Here are real problems I ran into:

Cross-channel continuity. You mention a project in chat. An email arrives about the same project. The chat agent and the email agent have no shared context. In frameworks like CrewAI or AutoGen, agents communicate through prescribed channels, but there’s no unified content store where both can discover they’re working on the same thing.

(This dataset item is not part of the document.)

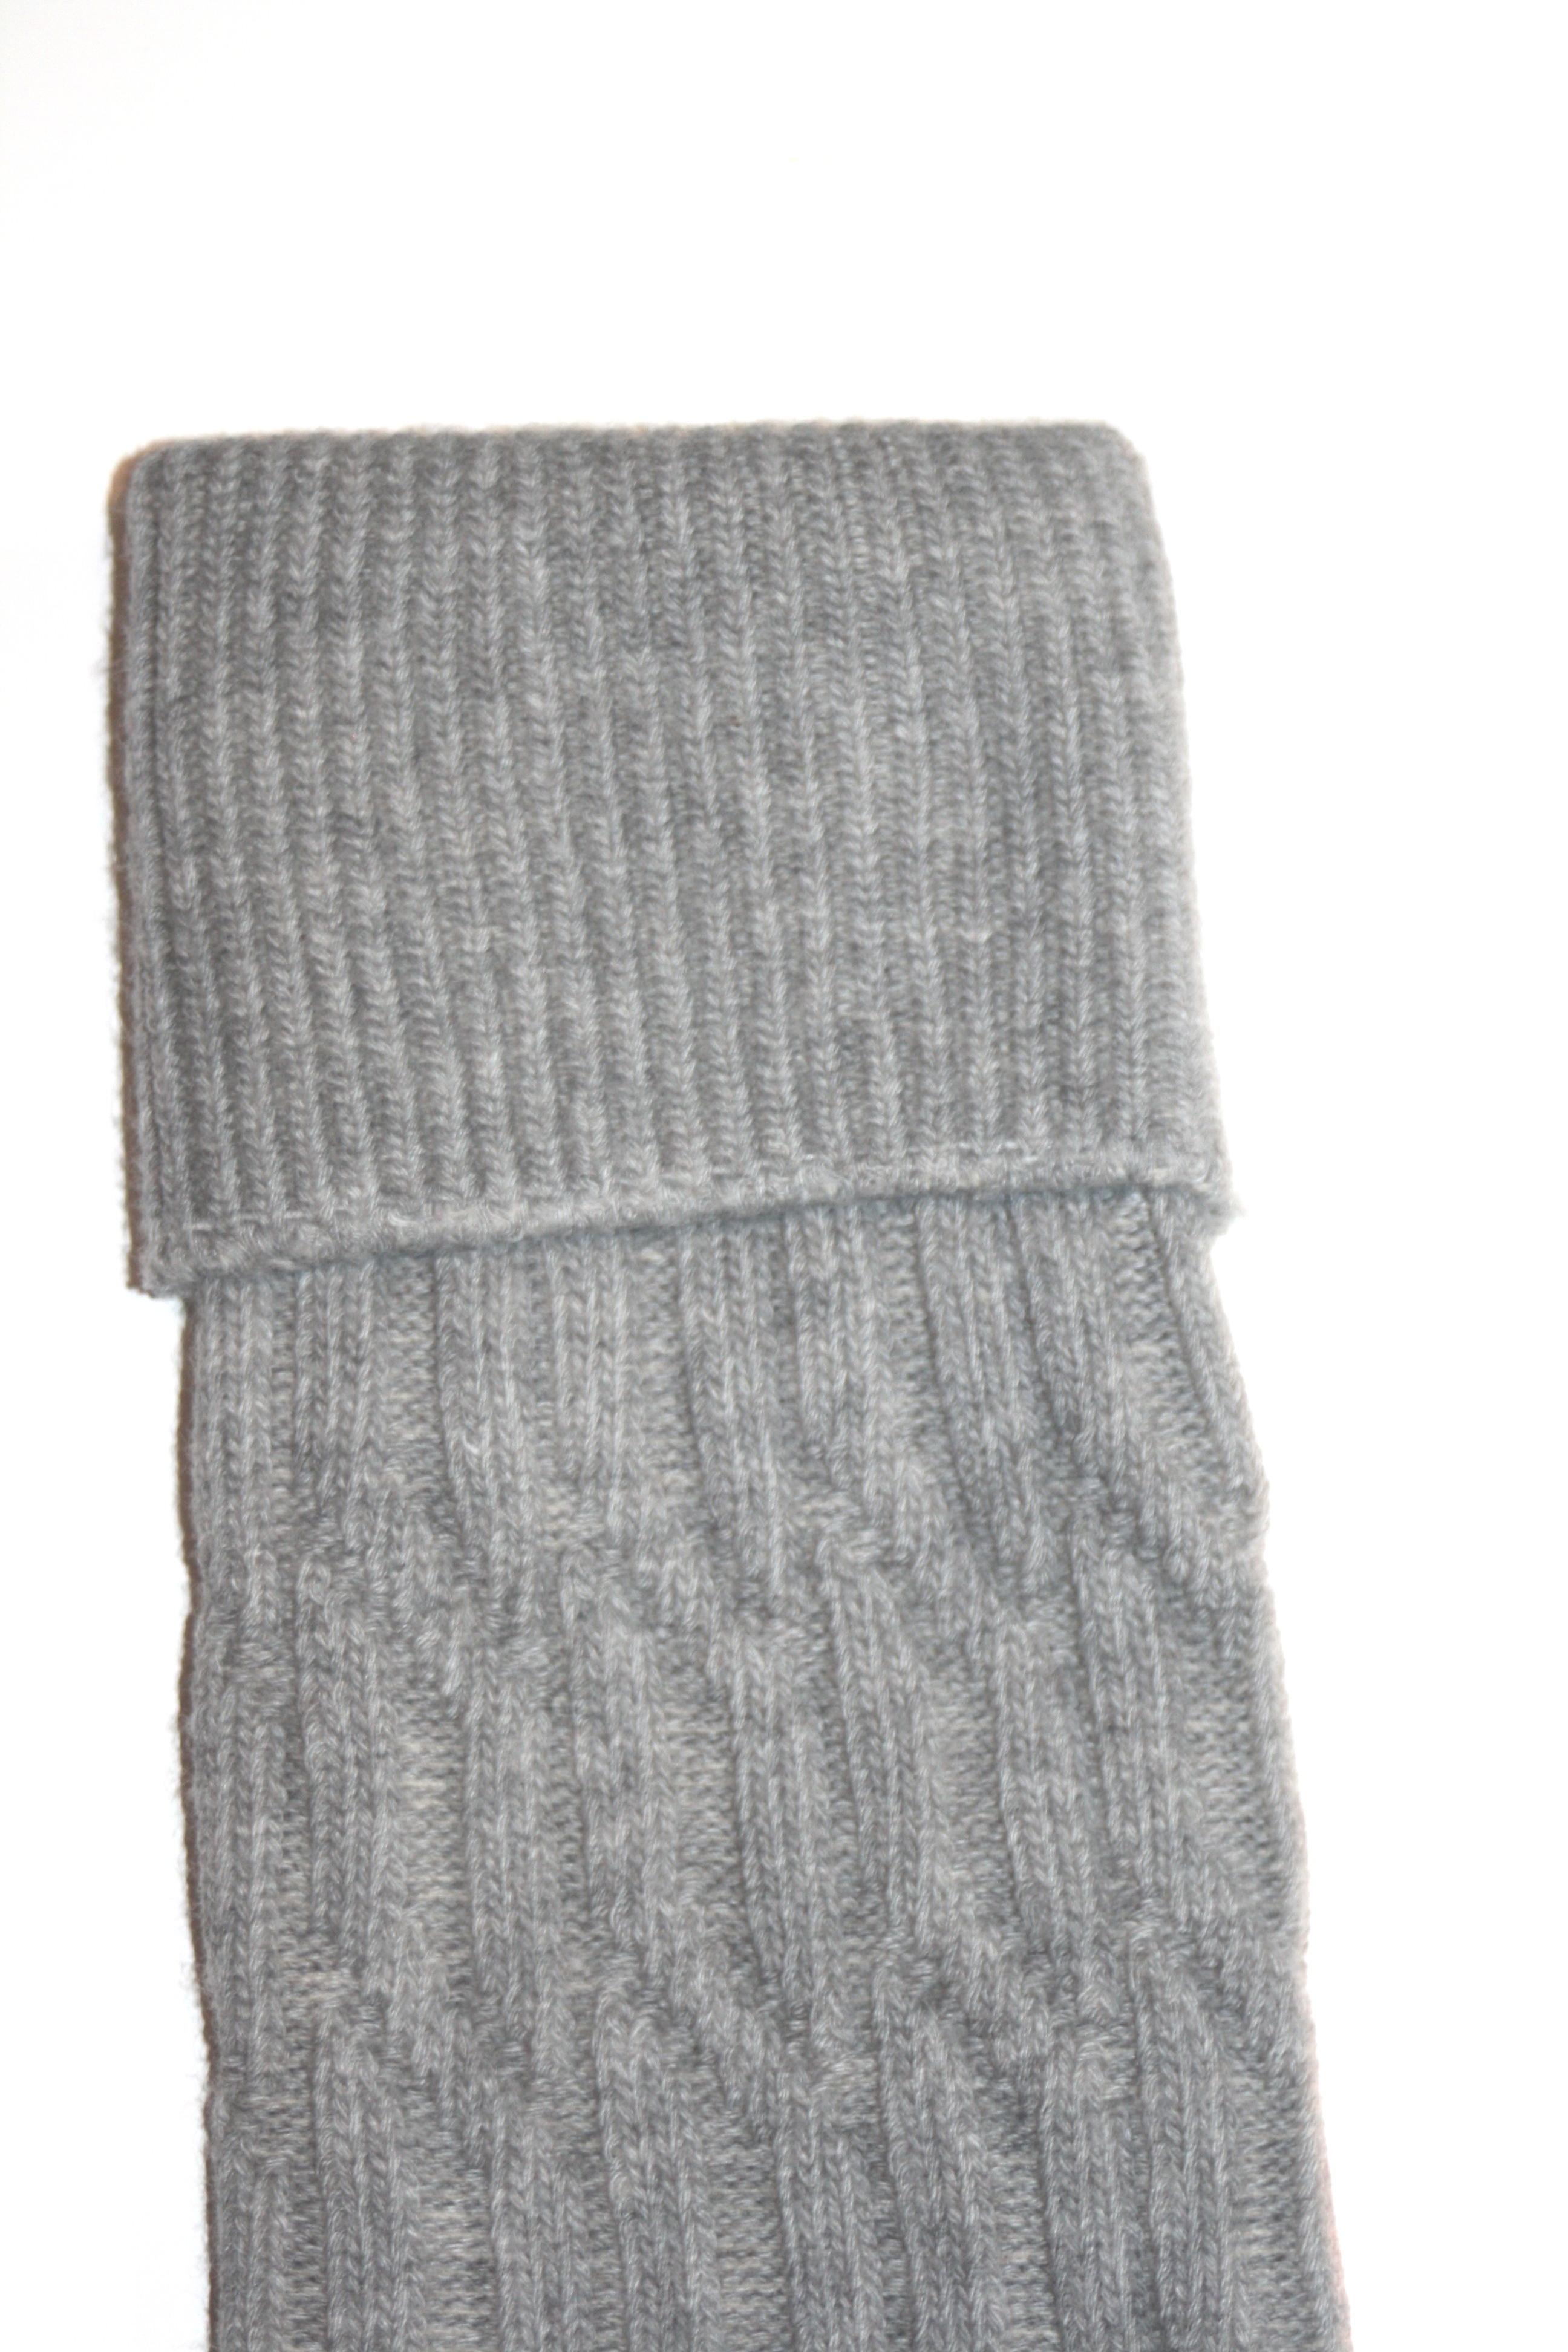 35e9f03ddd8d98 Het valt op zodra je ze aanraakt  de sokken van het merk VNS voelen  heerlijk zacht aan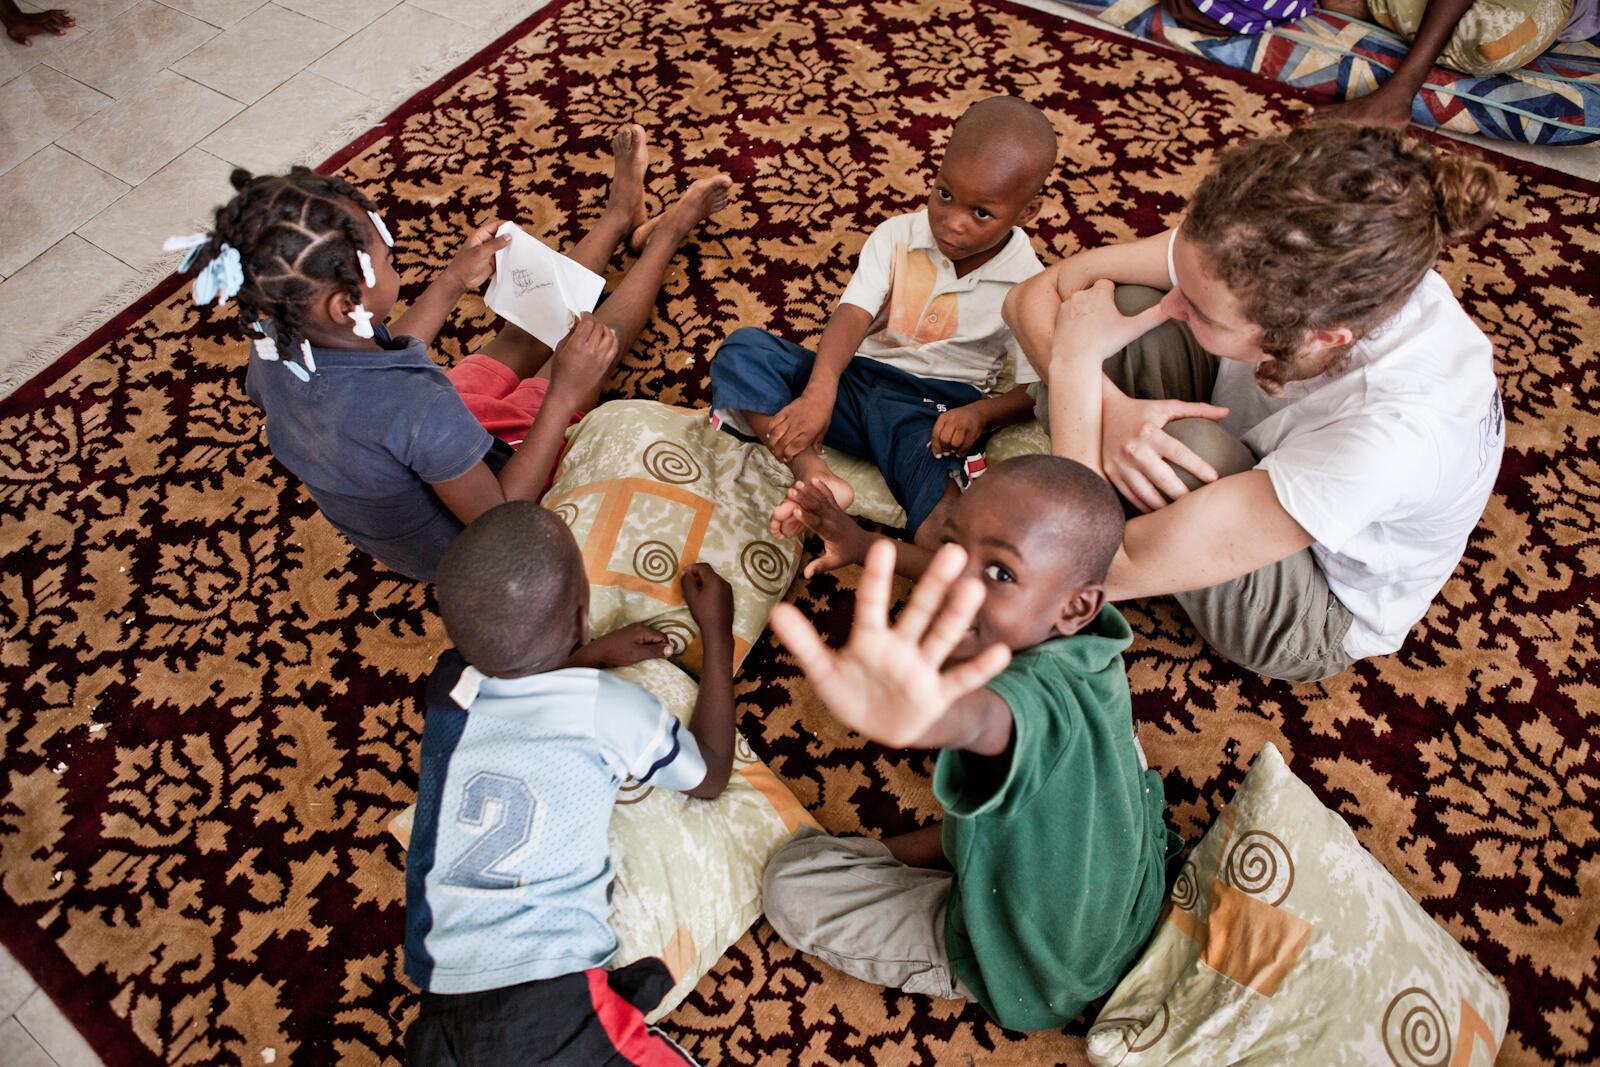 Action de Bibliothèques sans frontières dans un camp près de Port-au-Prince, en décembre 2010.

Background work blocks the conversation. Ask your assistant to research something that takes 30 seconds. In a single-agent loop, you’re staring at a spinner. Can’t ask a follow-up, can’t switch topics. The context window is busy. Multi-agent helps, but most frameworks want you to declare the topology upfront. “This is the research agent, this is the chat agent, here’s how they talk.” What if the next question doesn’t need research?

Deferred actions lose their context. “Remind me tomorrow at 9am” is easy to schedule but hard to execute well. The reminder needs to carry the conversational context it was created in, like a closure capturing its environment. But the cron trigger and the chat agent are separate systems. The deferred action fires in a vacuum.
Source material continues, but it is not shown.